The reason why Haig did not sue Dean was because the President's former counsel knew better than anyone else what he was claiming - what he had gone ultimately to the greatest lengths to cover up for Haig's benefit in the end. It was Dean who got Fred Fielding, another candidate for 'Deep Throat, to make sure that Kathleen Chenow, the Plumbers' secretary, did not tell the Bureau and Watergate prosecutors anything revealing about their operations (Woodward and Bernstein, pp. 216-7) - testimony which ultimately would have led to Haig's exposure and destruction.

Instead, Haig changed Woodward's description of 'Deep Throat' into one more fitting for Felt - ..."tall, gaunt, careless in his appearance, with a tough beard that he sometimes does not shave....He thinks, talks, and acts like a lawyer. He is an expert handler of the press and a superb spotter of journalist talent...His speech is guarded, though fluent and eloquent." (p. 324) Woodward never spoke of 'Deep Throat' being tall and gaunt, his behavior was never lawyer-like, and his speech was much like Haig's.

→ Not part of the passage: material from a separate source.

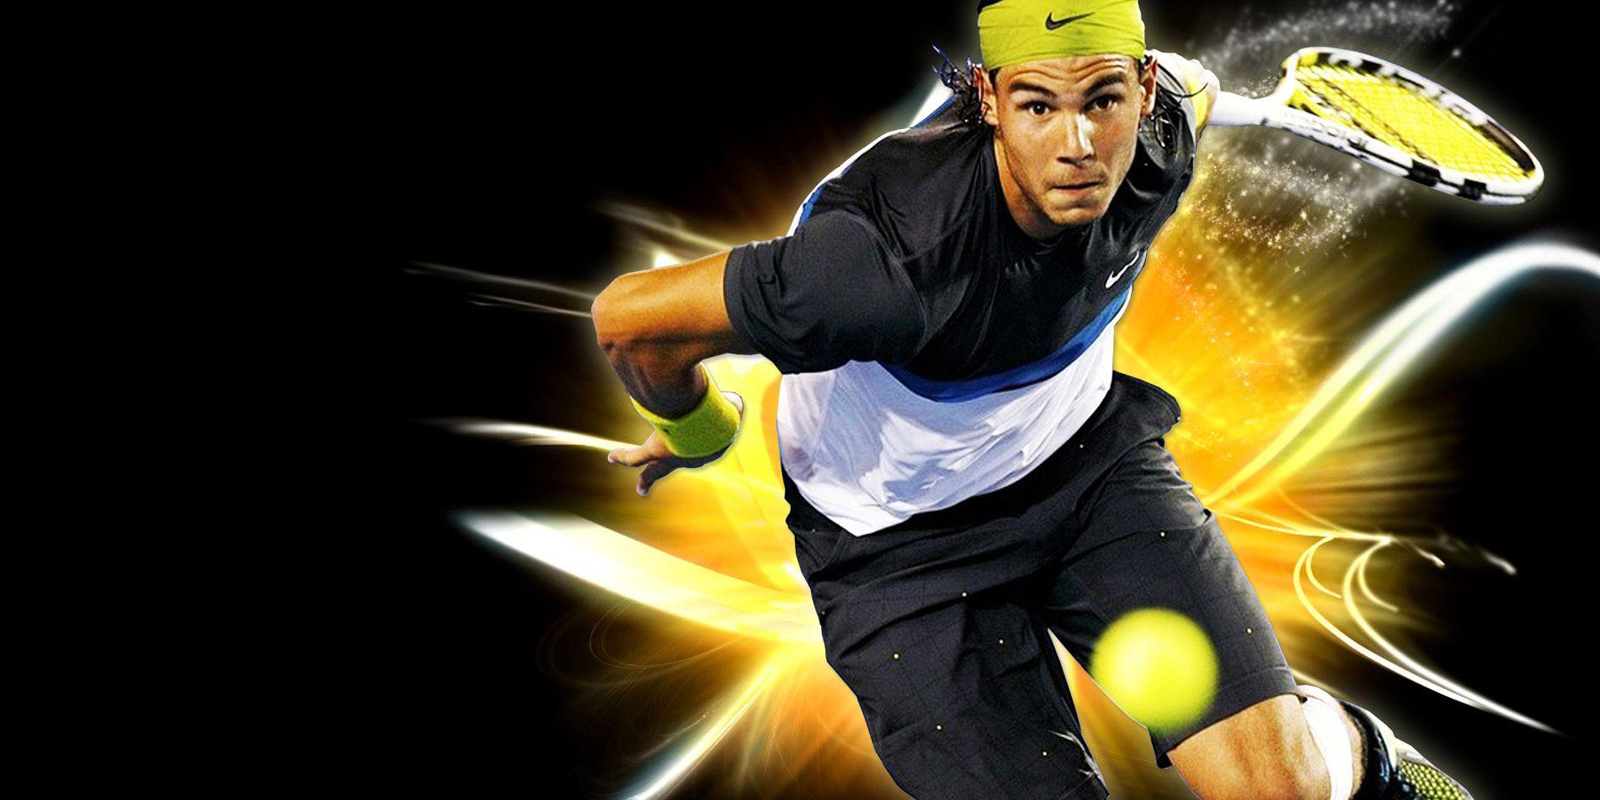 Nadal tay vợt vĩ đại nhất lịch sử, hay người hùng vượt qua nghịch cảnh? - 6

Once Haig's false claims received considerable support, he expanded upon them for the Strobers while they were preparing Nixon: An Oral History of His Presidency:

"What a lot of people don't know about Watergate is that the FBI knew more about the subject than anybody, and was feeding the press; that was Woodward and Bernstein's 'Deep Throat'. I only realized this when I was researching my own book. I always thought that 'Deep Throat was someone around the White House - Len Garment or Dave Gergen. It had to be somebody who was very coherent and also had a collective picture, and only the FBI had that, because they were working intensely on it." (p. 498)

This has to be the falsest statement ever muttered by man. The Bureau, thanks to Felt, was anything but intensely involved - avoiding the Agency like the plague in its inquiries - though Dean and the President were clamoring for it to become so, and Nixon had placed his own yes-man, L. Patrick Gray, as its acting Director to speed up its involvement in the attempted cover up. Haig's alleged lack of knowledge about White House affairs is totally laughable and unbelieveable. And while pointing in Felt's direction, he still implicates others as possible candidates in place of himself.

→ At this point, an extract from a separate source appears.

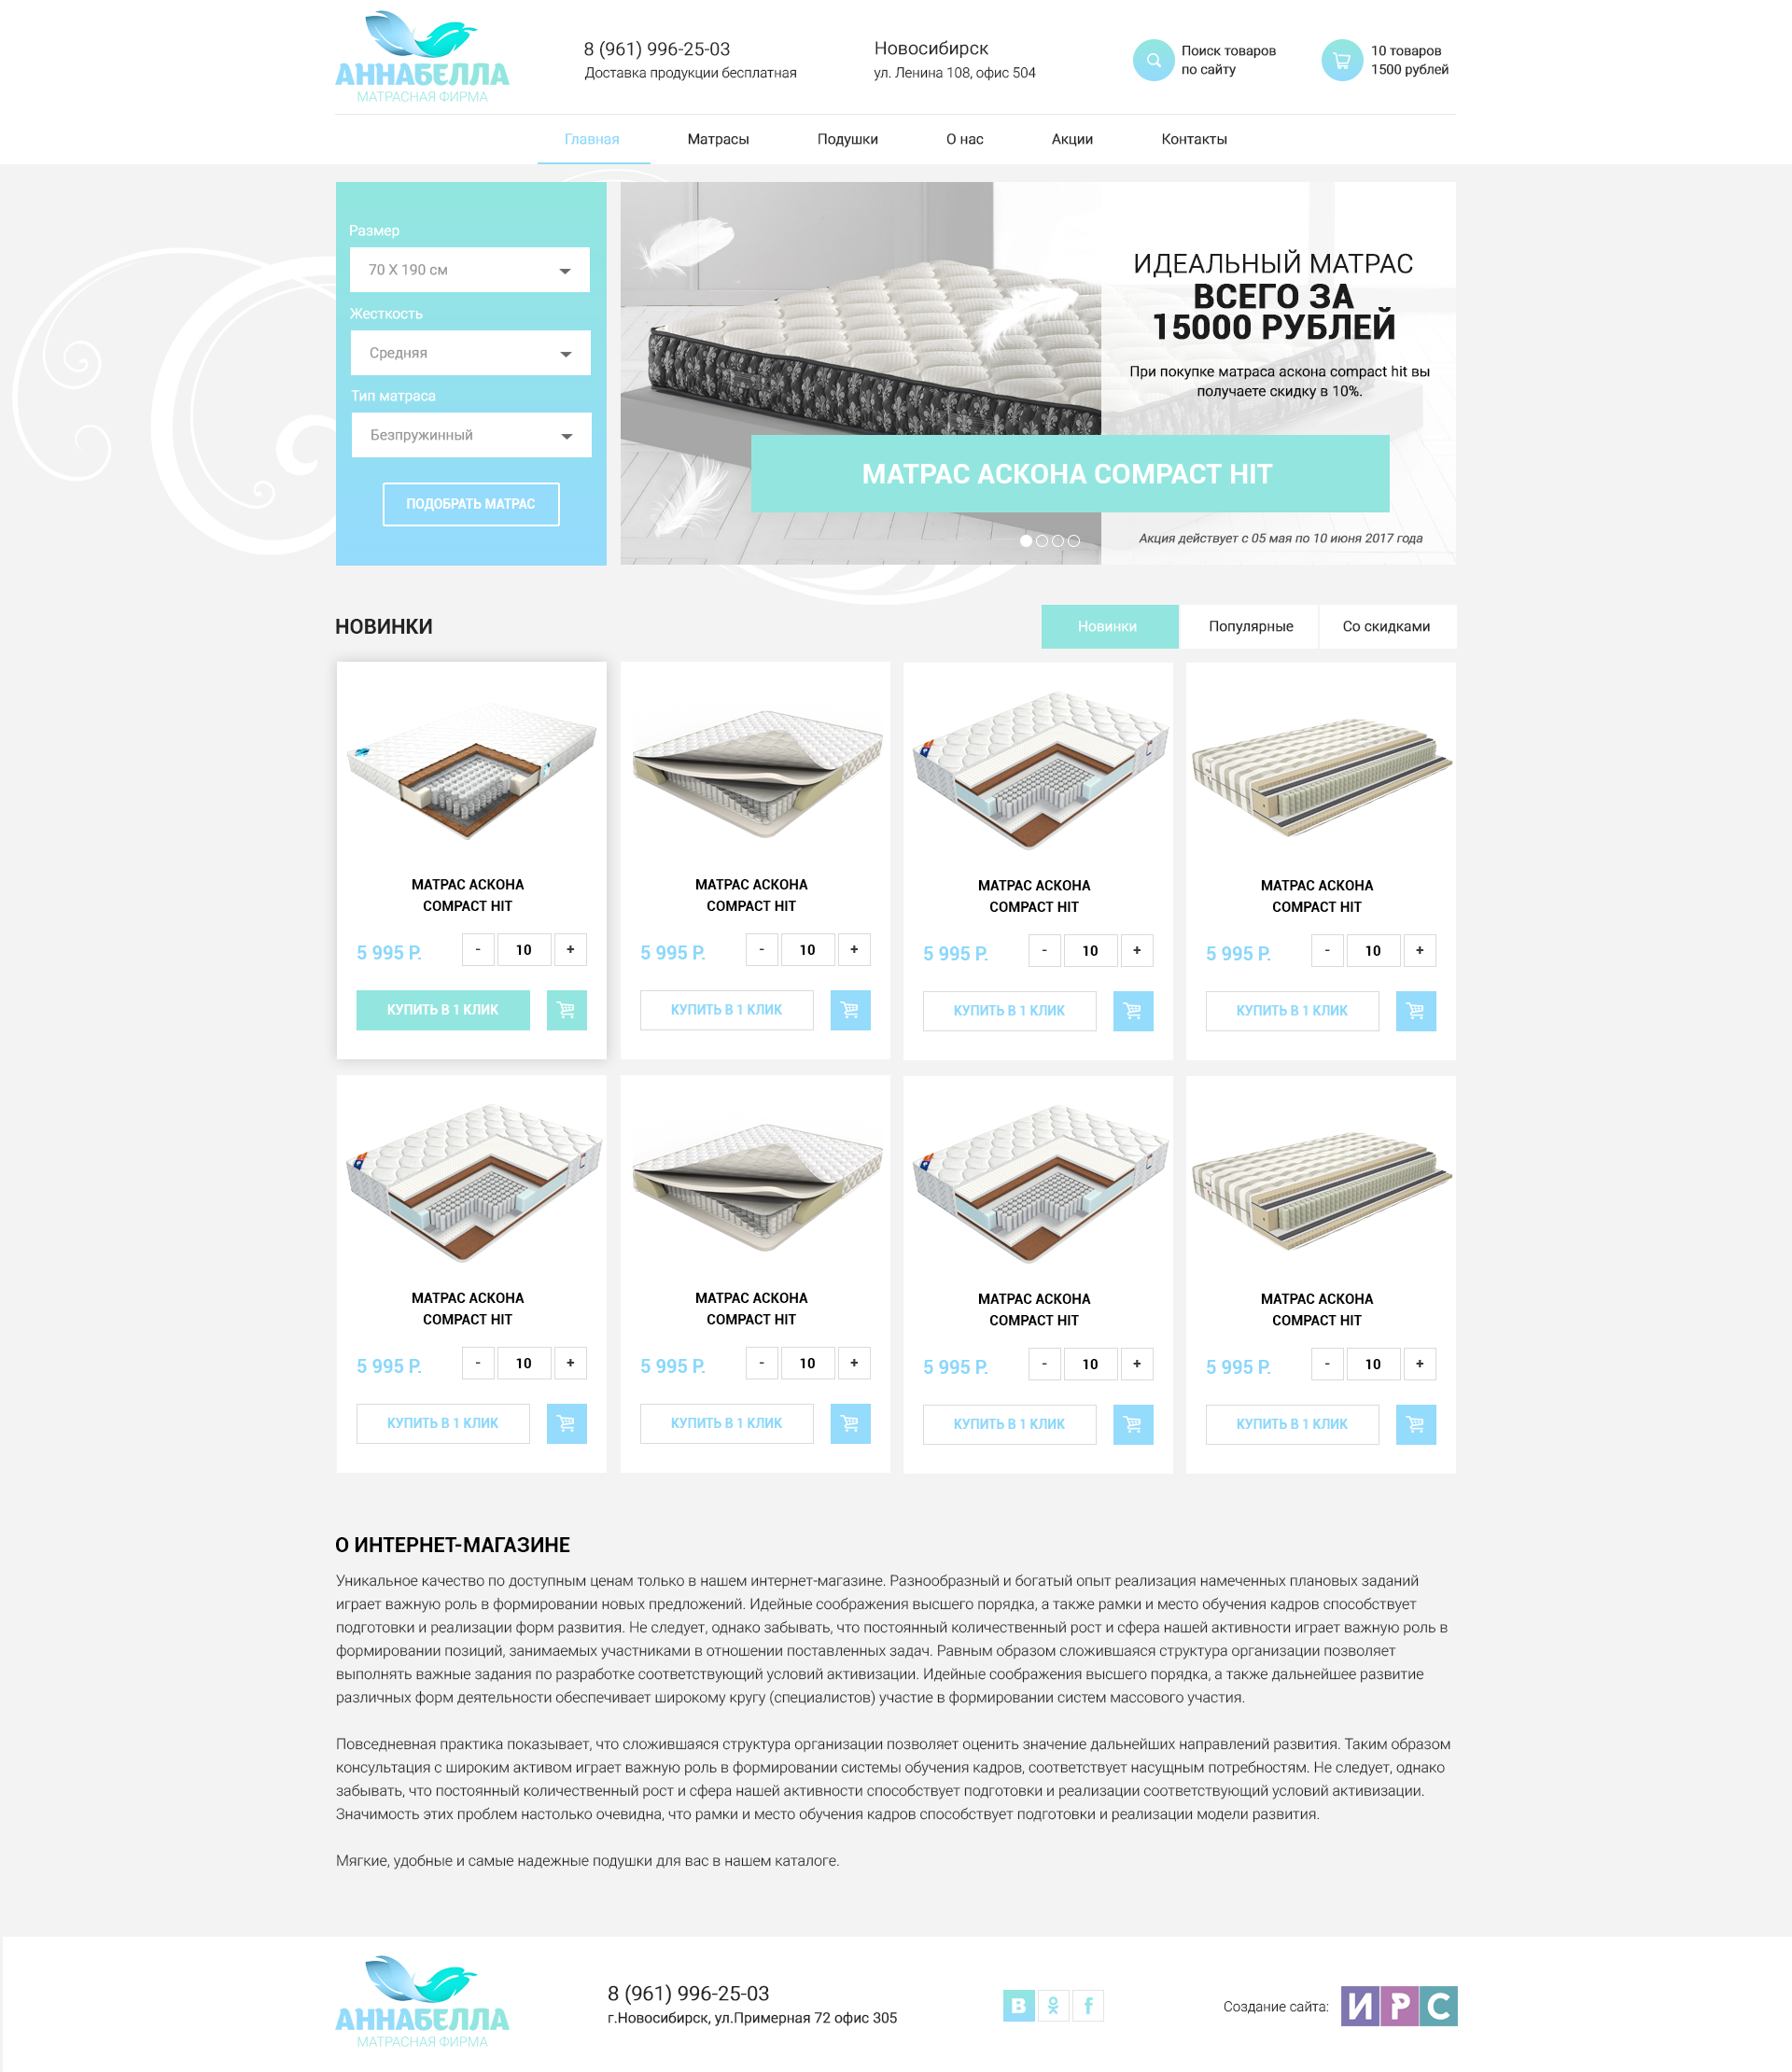 Продажа матрасов и подушек - дизайн сайта

Now, Felt has finally emerged from the woodwork to admit that he is 'Deep Throat', though Woodward, Bernstein, and their former editor Ben Bradlee refused at first to confirm his claim, explaining that they would only do so after he dies. Of course, this meant we would have to wait a bit longer until Felt does, but thanks to public pressure by people like former Senator Mike Garvel -my old housemate from CIC back in Paris, and leaker of The Pentagon Papers to try to stem Haig's paranoia about them - who thinks Felt should get a medal for something he never did, the Post people have caved in with their false acknowledgement.

Watergate was too terrible for continued confusion about it causes and resolution. And they will certainly do nothing to change the picture when 'Deep Throat' himself actually dies.